«Монстра» Федор Ромодановский (1640?–1717)
«Монстра»
Среди сподвижников Петра был один, отличавшийся от всех прочих исключительностью своего положения. Царь не любил его так сильно, как Лефорта, и не был с ним так близок, как с Меншиковым, но безусловно относился к этому человеку с большим уважением и очень его ценил. Невозможно представить, чтобы Петр поднял на него руку, как на «сердечного друга» Франца или на «Алексашку».
Князь Ромодановский занимал особое место и в государстве, где носил небывалый титул «князя-кесаря», и в петровской разгульной «компании», которая должна была даже во время безобразий Всепьяннейшего Собора воздавать Федору Юрьевичу больше почестей, чем царю.
Пример этому подавал сам Петр, всегда относившийся к Ромодановскому с утрированным пиететом. Все, включая государя, должны были вставать, когда Федор Юрьевич входил в помещение. Никто не смел въезжать к Ромодановскому во двор верхом или в повозке – даже Петр перед воротами спешивался.
Нартов в своих записках описывает эпизод, красноречиво демонстрирующий уникальные взаимоотношения «кесаря» с «князь-кесарем».
«Случилось государю летом идти из Преображенского села с некоторыми знатными особами по Московской дороге, где увидел он вдали пыль, потом скачущаго ездового или разсыльщика, машущего плетью и кричащего прохожим и едущим такия [слова]: “К стороне, к стороне!
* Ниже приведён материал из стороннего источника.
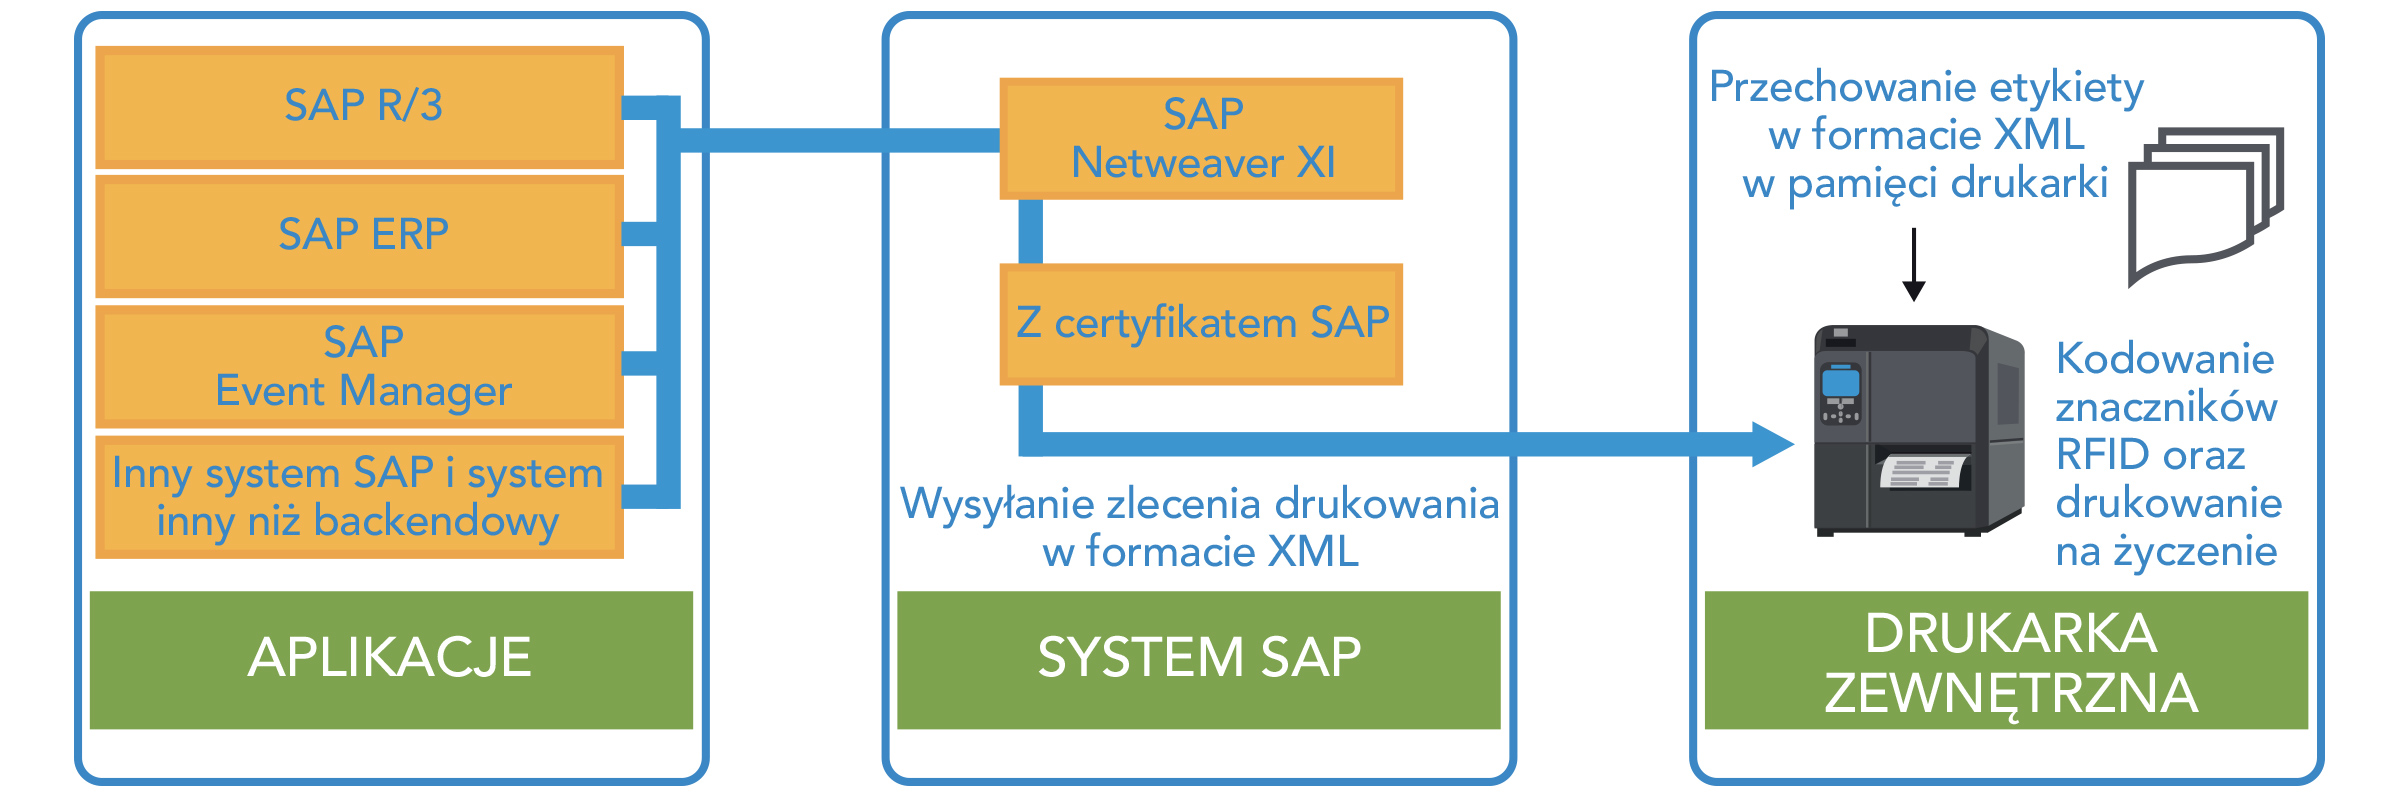 Aplikacje > System SAP > Urządzenia drukujące

Шляпу и шапку долой! Князь-цесарь едет!” ‹…› Государь, остановясь и не снимая шляпы, сказал: “Здравствуй, мин гнедигер гер кейзер!” ‹…› На сие не отвечая князь ни слова, при сердитом взгляде, кивнув только головою, сам продолжал путь далее.
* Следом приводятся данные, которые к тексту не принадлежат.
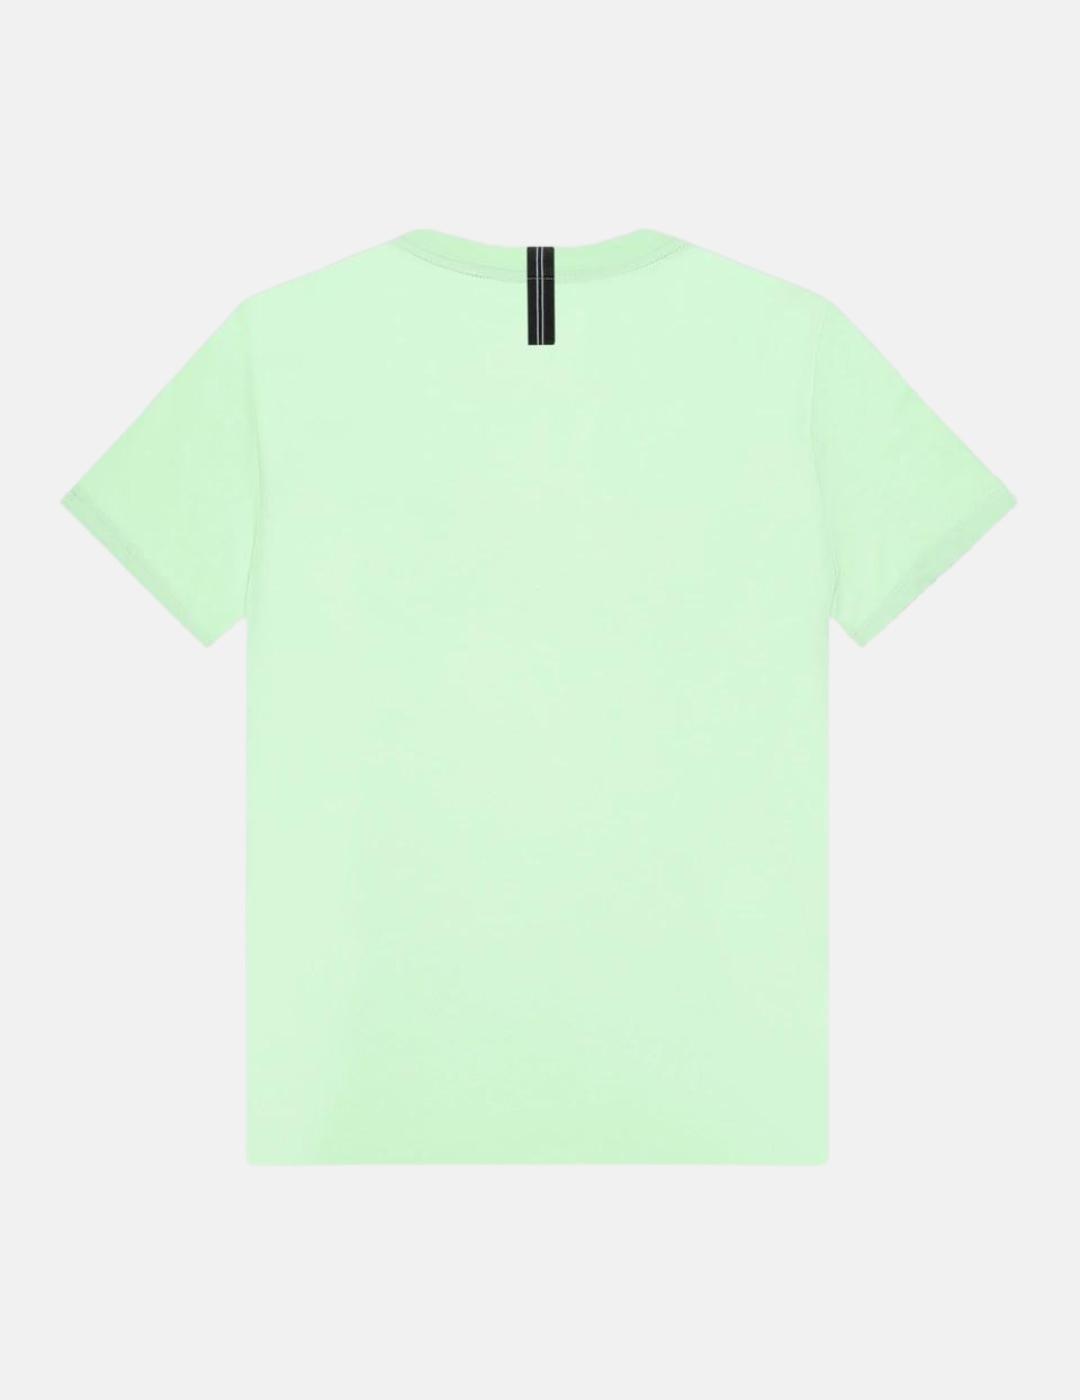 Camiseta Antony Morato verde neón para hombre

‹…› Князь отправил… к нему грозного разсыльщика с объявлением, чтоб Петр Михайлов явился к ответу. Государь, догадавшись тотчас о его гневе, пошел на свидание. При вшествии его величества Ромодановский, не вставая с кресел, спрашивал сурово так: “Что за спесь, что за гордость! Уже Петр Михайлов не снимает ныне цесарю и шляпы! Разве царя Петра Алексеевича указ не силен, которым указано строго почитать начальников?” – “Не сердись, князь-цесарь, – сказал Петр Великий, – дай руку, переговорим у меня и помиримся”».
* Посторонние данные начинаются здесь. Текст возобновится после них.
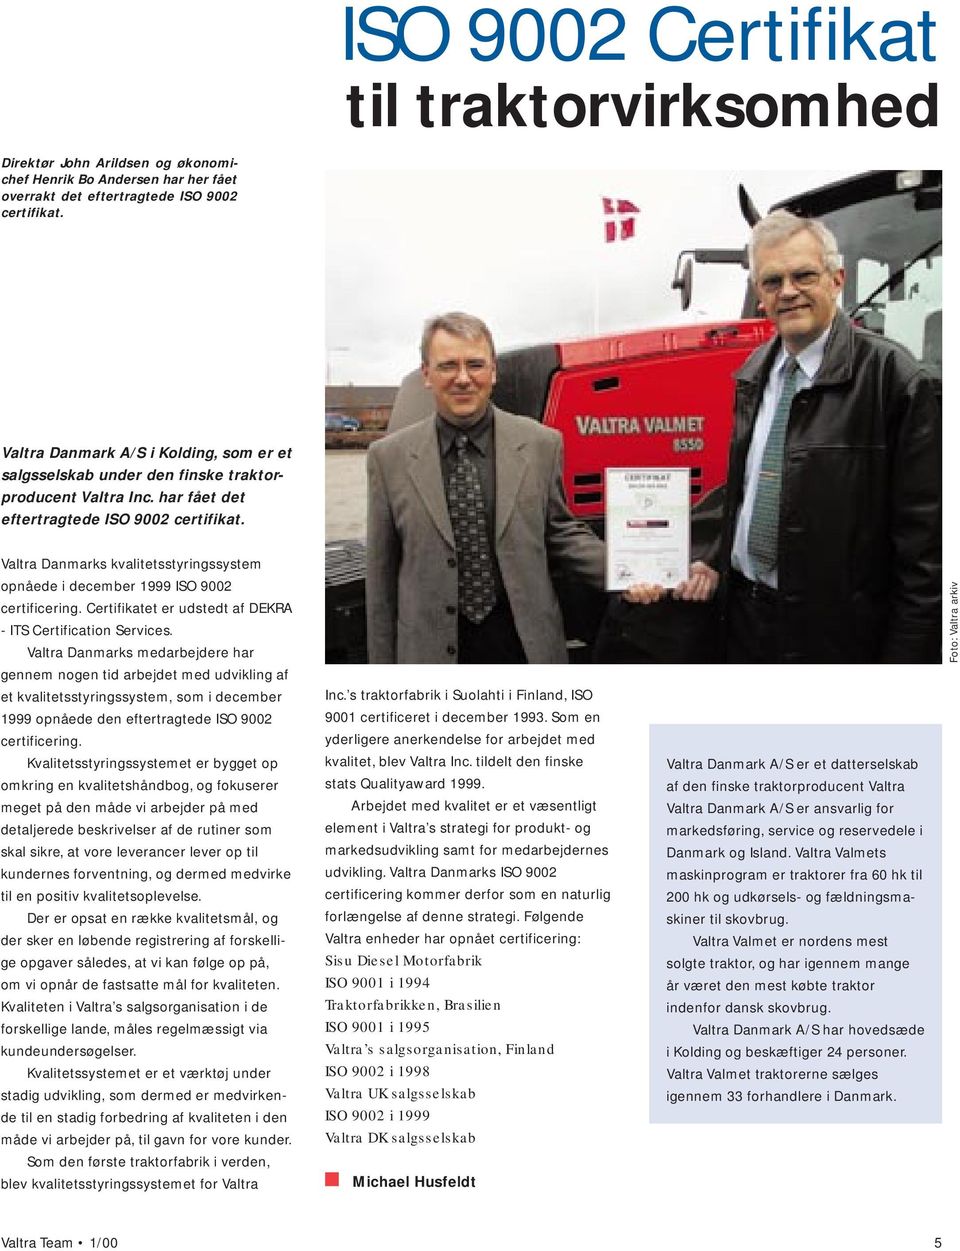 Valtra Danmarks kvalitetsstyringssystem opnåede i december 1999 ISO 9002 certificering. Certifikatet er udstedt af DEKRA - ITS Certification Services.

Разумеется, в подобных сценах проявлялась петровская склонность к шутовству, но Федор Юрьевич отнюдь не исполнял карикатурную роль «царя» Симеона Бекбулатовича при Иване Грозном. Ромодановский был вторым по могуществу – и первым по грозности – лицом в государстве, с Петром он держался весьма независимо. Князь не только имел право без доклада входить к царю в любое время, не только давал ему советы по всем сферам управления, но и позволял себе спорить с гневливым монархом. Например, известно, что Федор Юрьевич осудил брак Петра на безродной полонянке Екатерине – и не попал за это в опалу.